Miles had become obsessed with a new camcorder that he had gotten, much to the dismay of his father who was a little weary of being constantly filmed by his son. He documented the ordeal from the point of view of the family, from the major events – phone calls from the guerillas, strategy sessions, the setting up of secure phone lines so that nobody could listen in, and the ransom drops, which were tense affairs as the sums of money were always at risk for being confiscated by corrupt police – and family dinners, little bits of life as the family tried to somehow cope with the unbelievable stress of not knowing whether Tom was alive or not and if he would be returned alive once all was said and done. They grimly watch footage of kidnap victims being discovered machine-gunned by their kidnappers after the ransom was paid.

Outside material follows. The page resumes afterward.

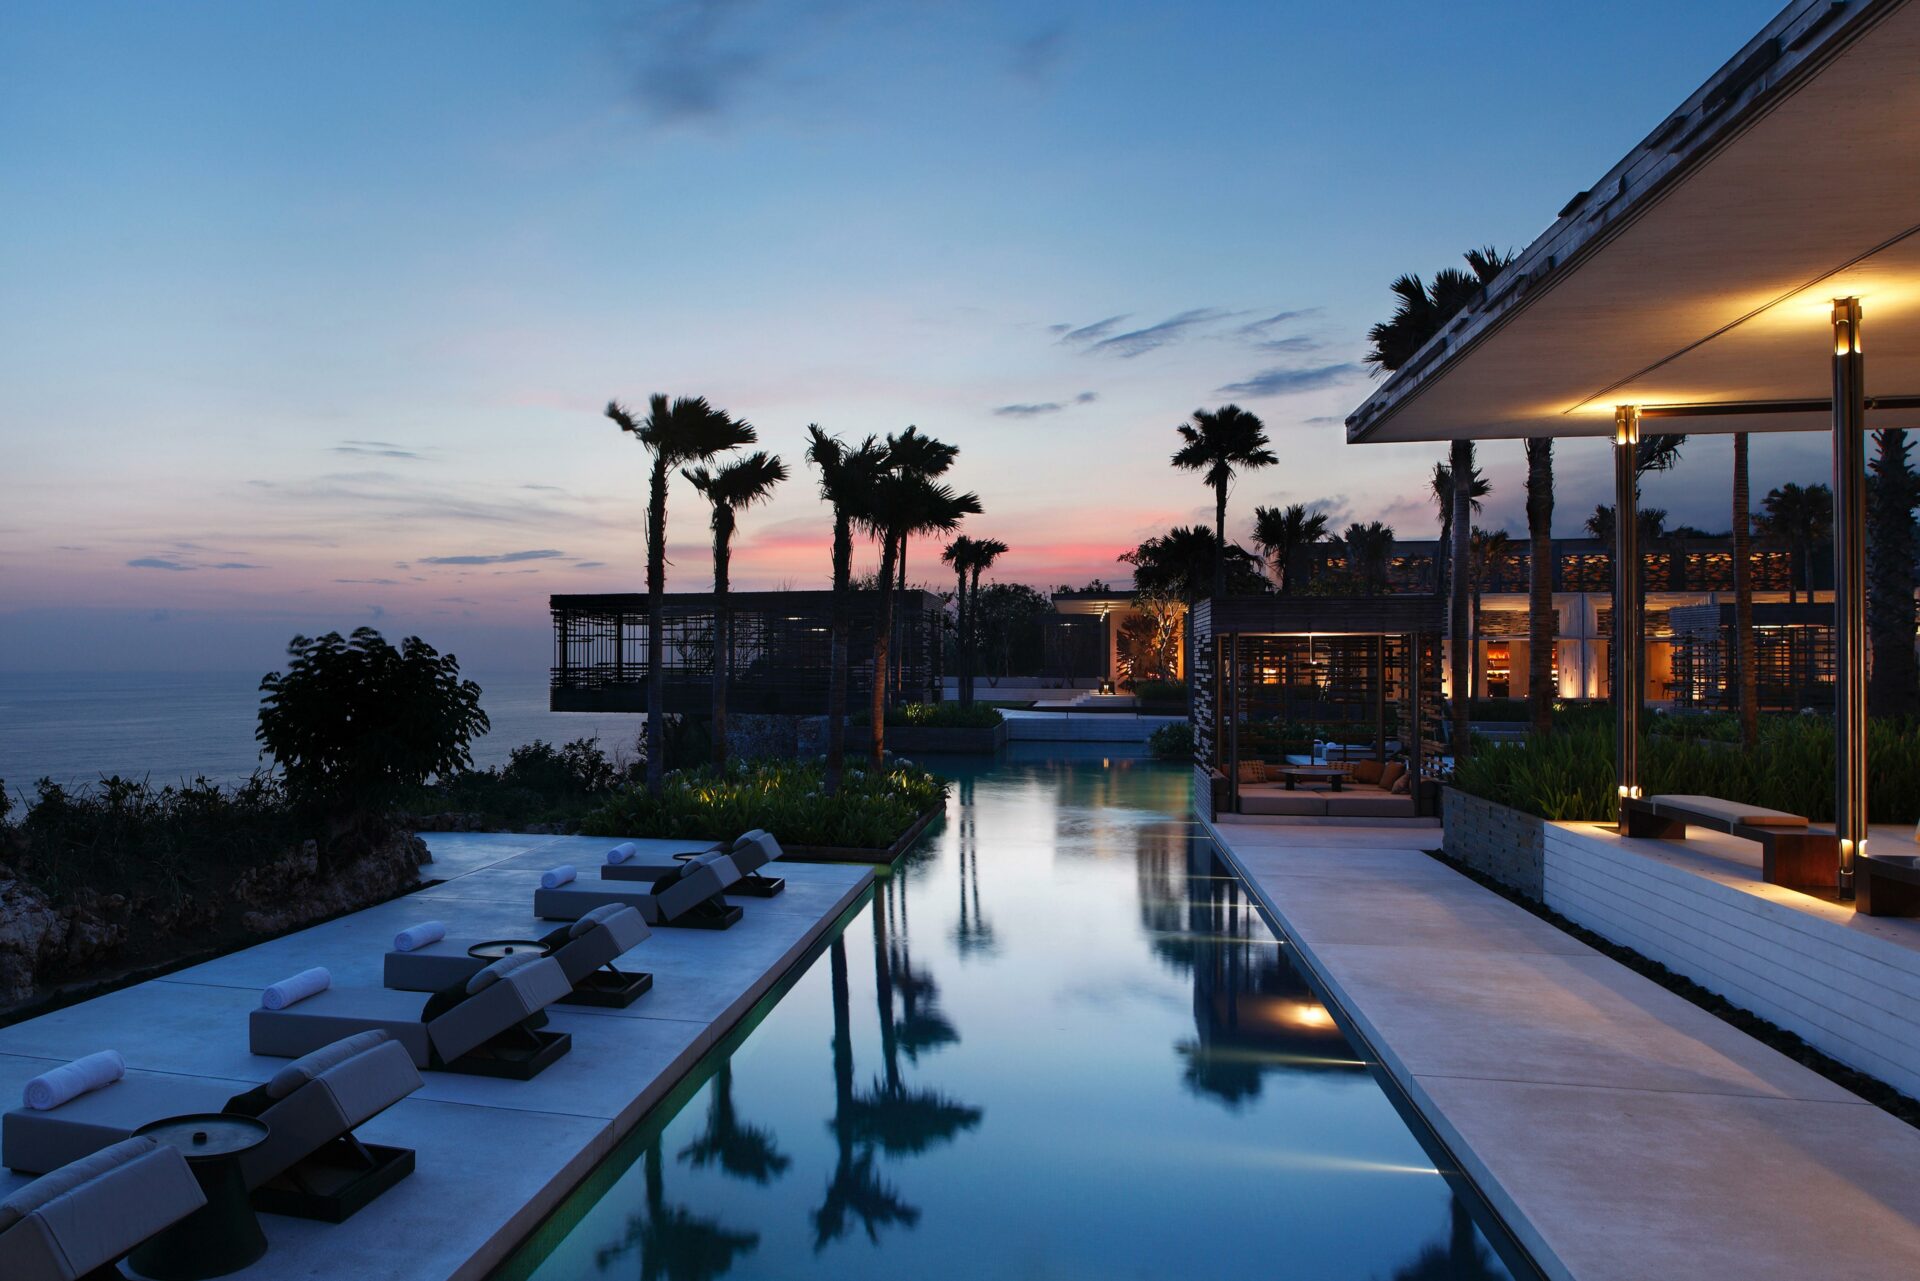 Sunset over the pool at Alila Villas

The footage is almost exclusively from Miles’ camcorder and so the quality is often poor, which might give some pause, but that would be a mistake. Some of the film plays almost like a spy thriller, with a sequence of the family trying to pay the ransom harrowing as they are followed by parties unknown – is it someone from the police or from the kidnappers? – plus they go for weeks and even months without hearing from the kidnappers, whose mountain location is imperiled by government forces seeking to eradicate them. The underlying worry was that Tom might be executed by the guerillas as the government made their situation untenable, or be caught in the crossfire of a gun battle between the kidnappers and the army.

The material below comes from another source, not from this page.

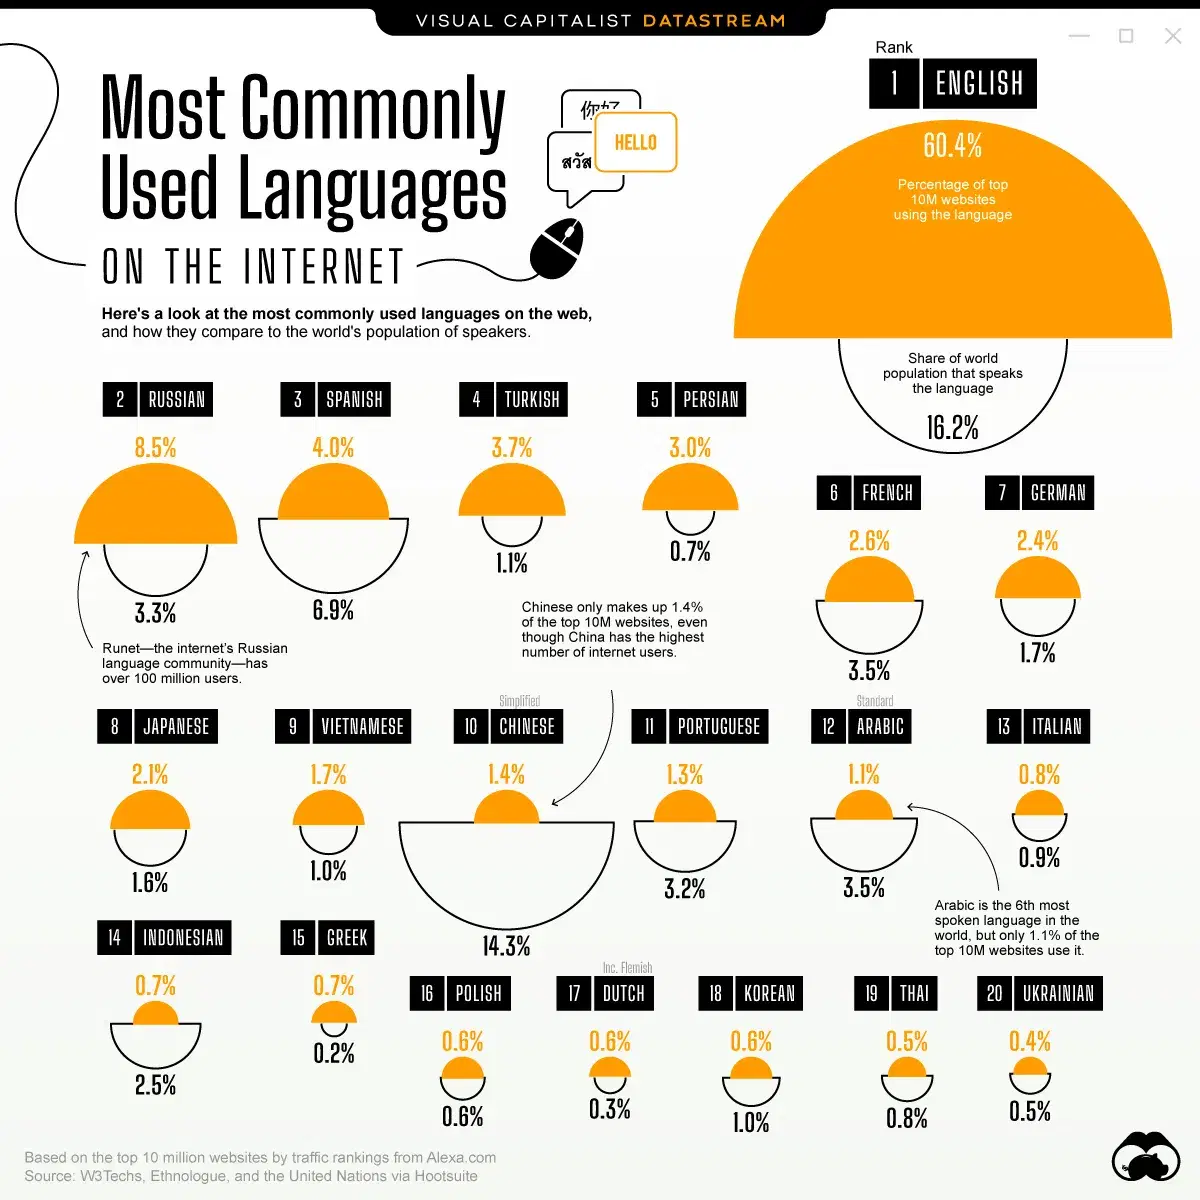 Visualizing the Most Used Languages on the Internet

There are also interviews with some of the principles including mom Susan, the neighbors Uli and Claudia Greiner, Oscar Tejada and Geddie and Miles Hargrove that were conducted twenty years after the fact. Tom also kept an illicit diary he kept hidden in his money belt during the long ordeal and we are shown excerpts of that as well, some of which is almost impossible to read.

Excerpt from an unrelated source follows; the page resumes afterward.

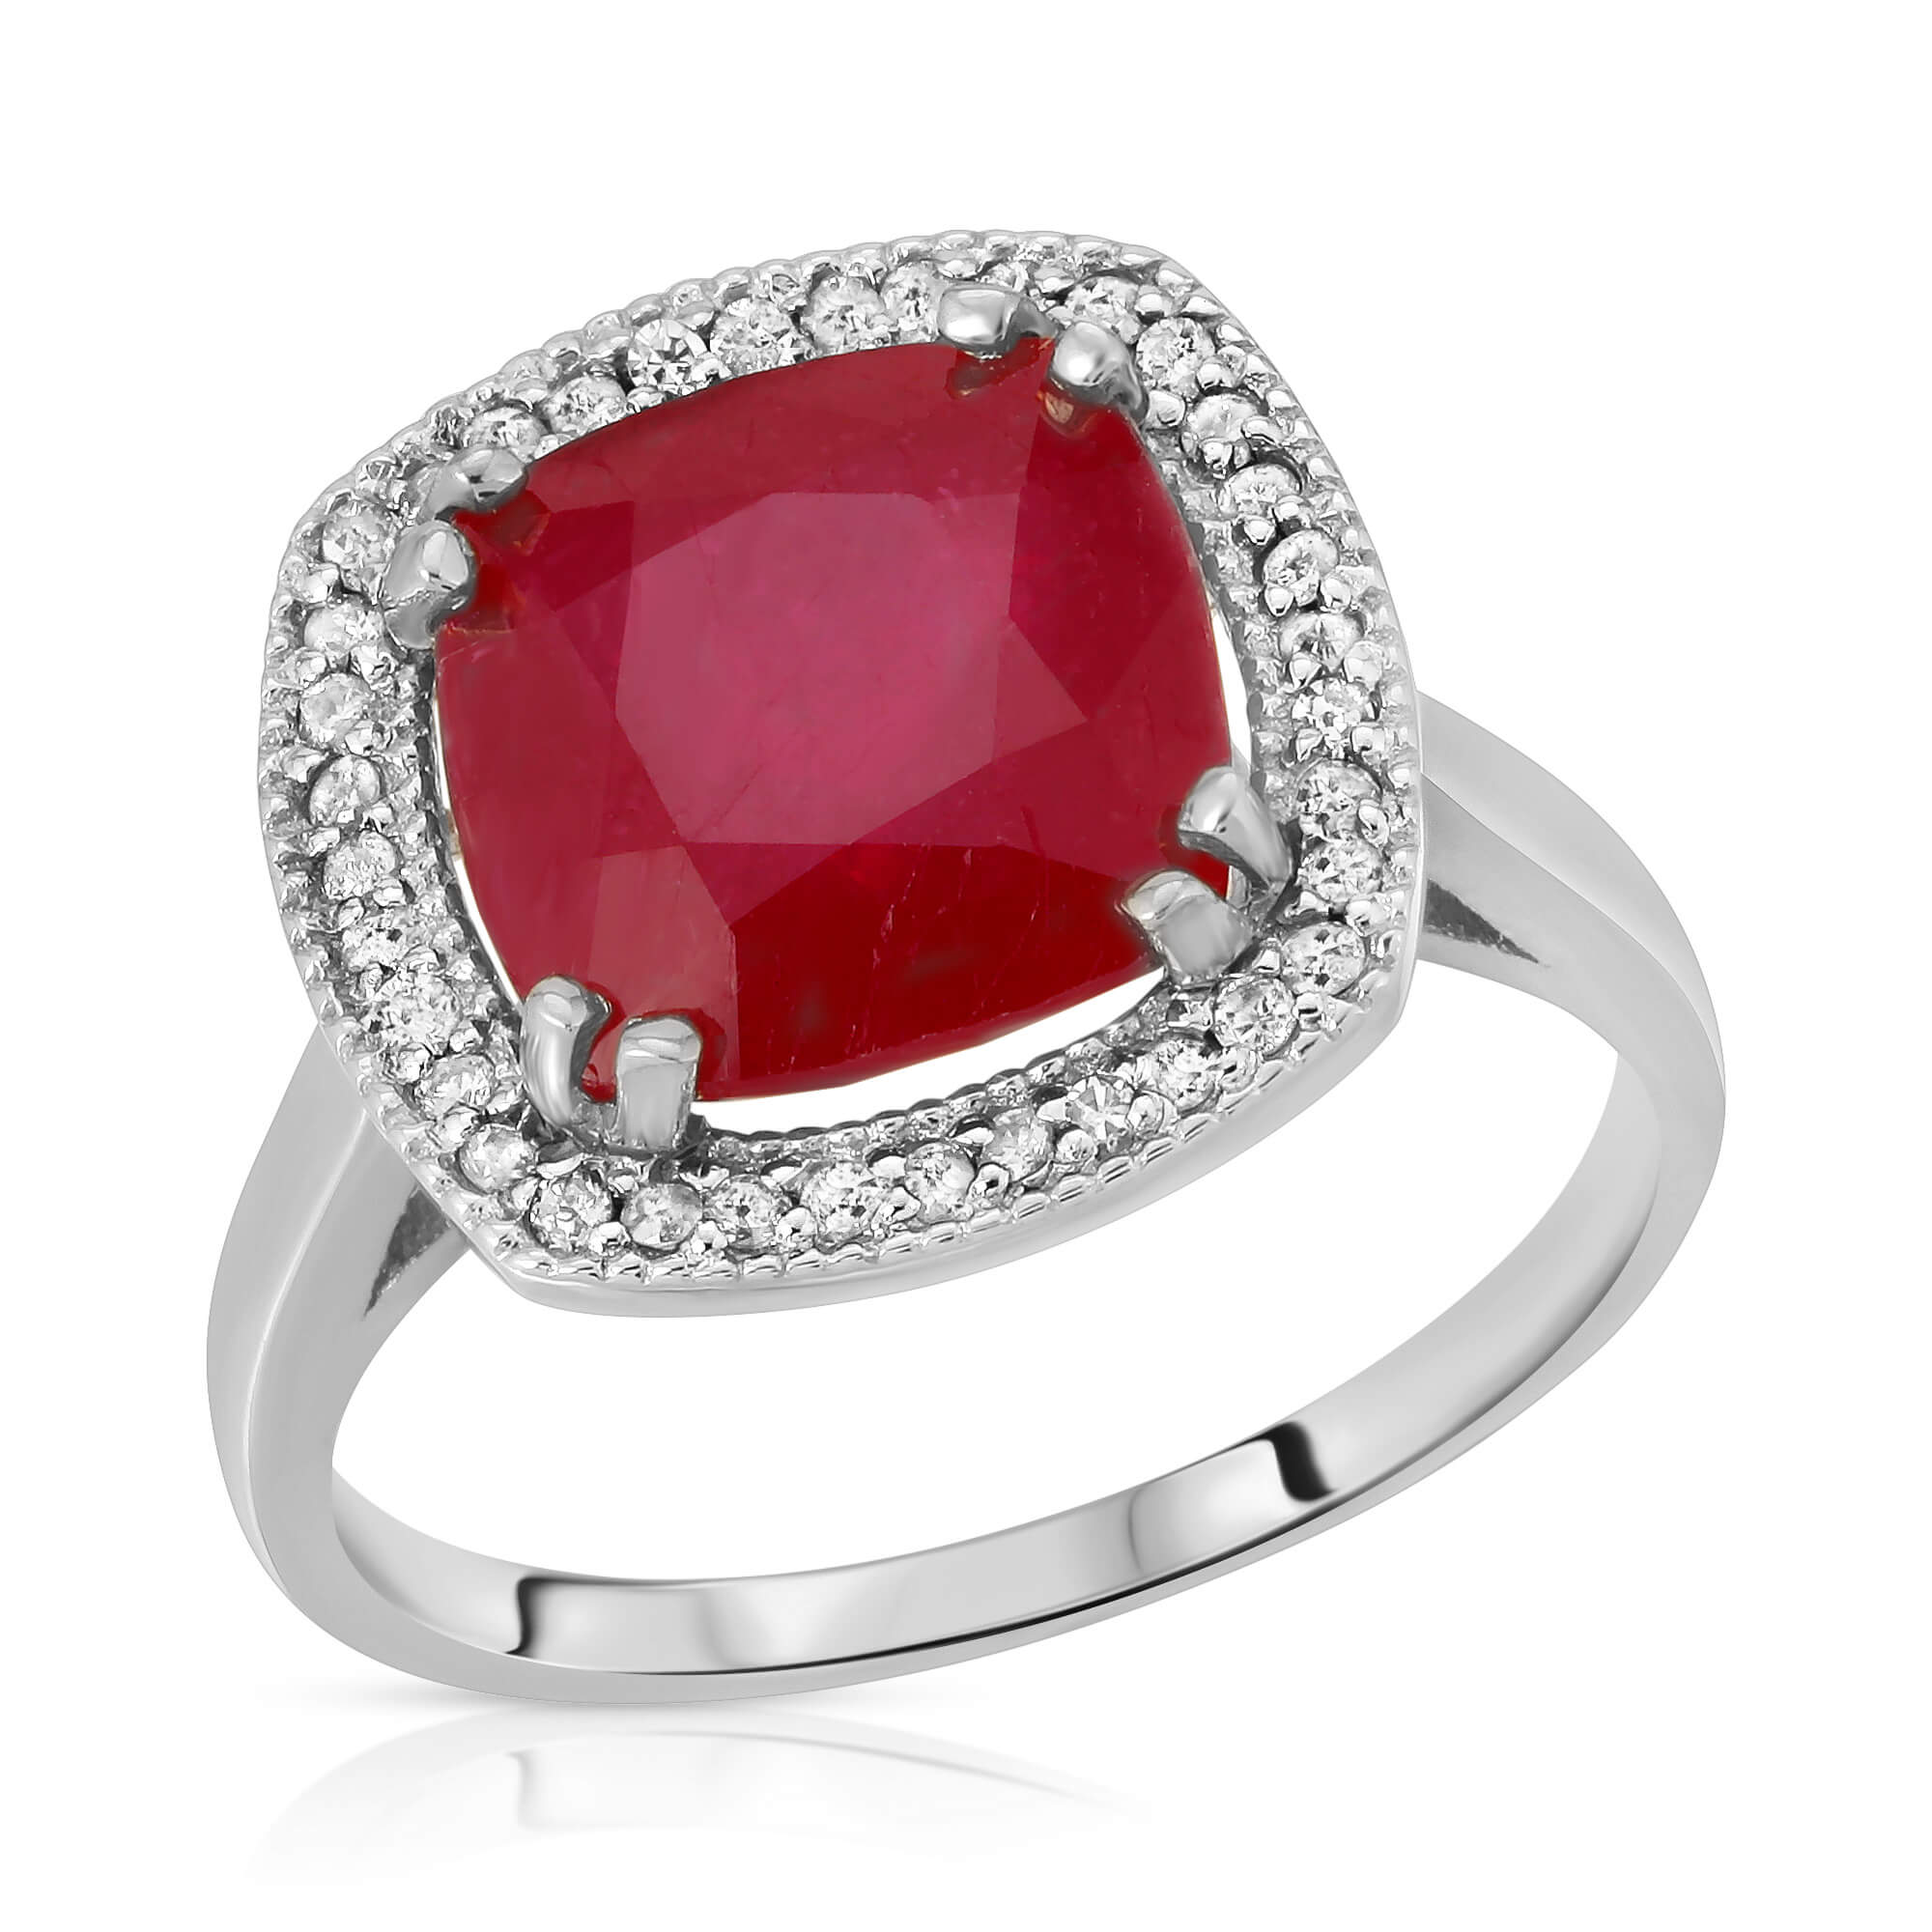 Cushion Cut Ruby Ring 6.9 ctw in 18ct White Gold

If you’re looking for great emotional releases, you won’t find many here; the family manage to keep control of their emotions admirably considering the circumstances. The ever-present eye of the camera give us an unflinching inside look at what the family went through that is both intimate and compelling. My only gripe is that Miles has a tendency to push the mundane aspects a little harder than he needed to which pads the running time a bit more than was necessary, but this is true crime done as perfectly as it can be.
REASONS TO SEE: An incredible, personal story. Plays like a crime thriller – except it’s a documentary.
REASONS TO AVOID: Some of the home video footage feels extraneous.
FAMILY VALUES: There is some profanity and a few disturbing images.
TRIVIAL PURSUIT: The movie Proof of Life is based on this incident.
BEYOND THE THEATERS: Discovery Plus
CRITICAL MASS: As of 3/21/21: Rotten Tomatoes: No score yet; Metacritic: No score yet.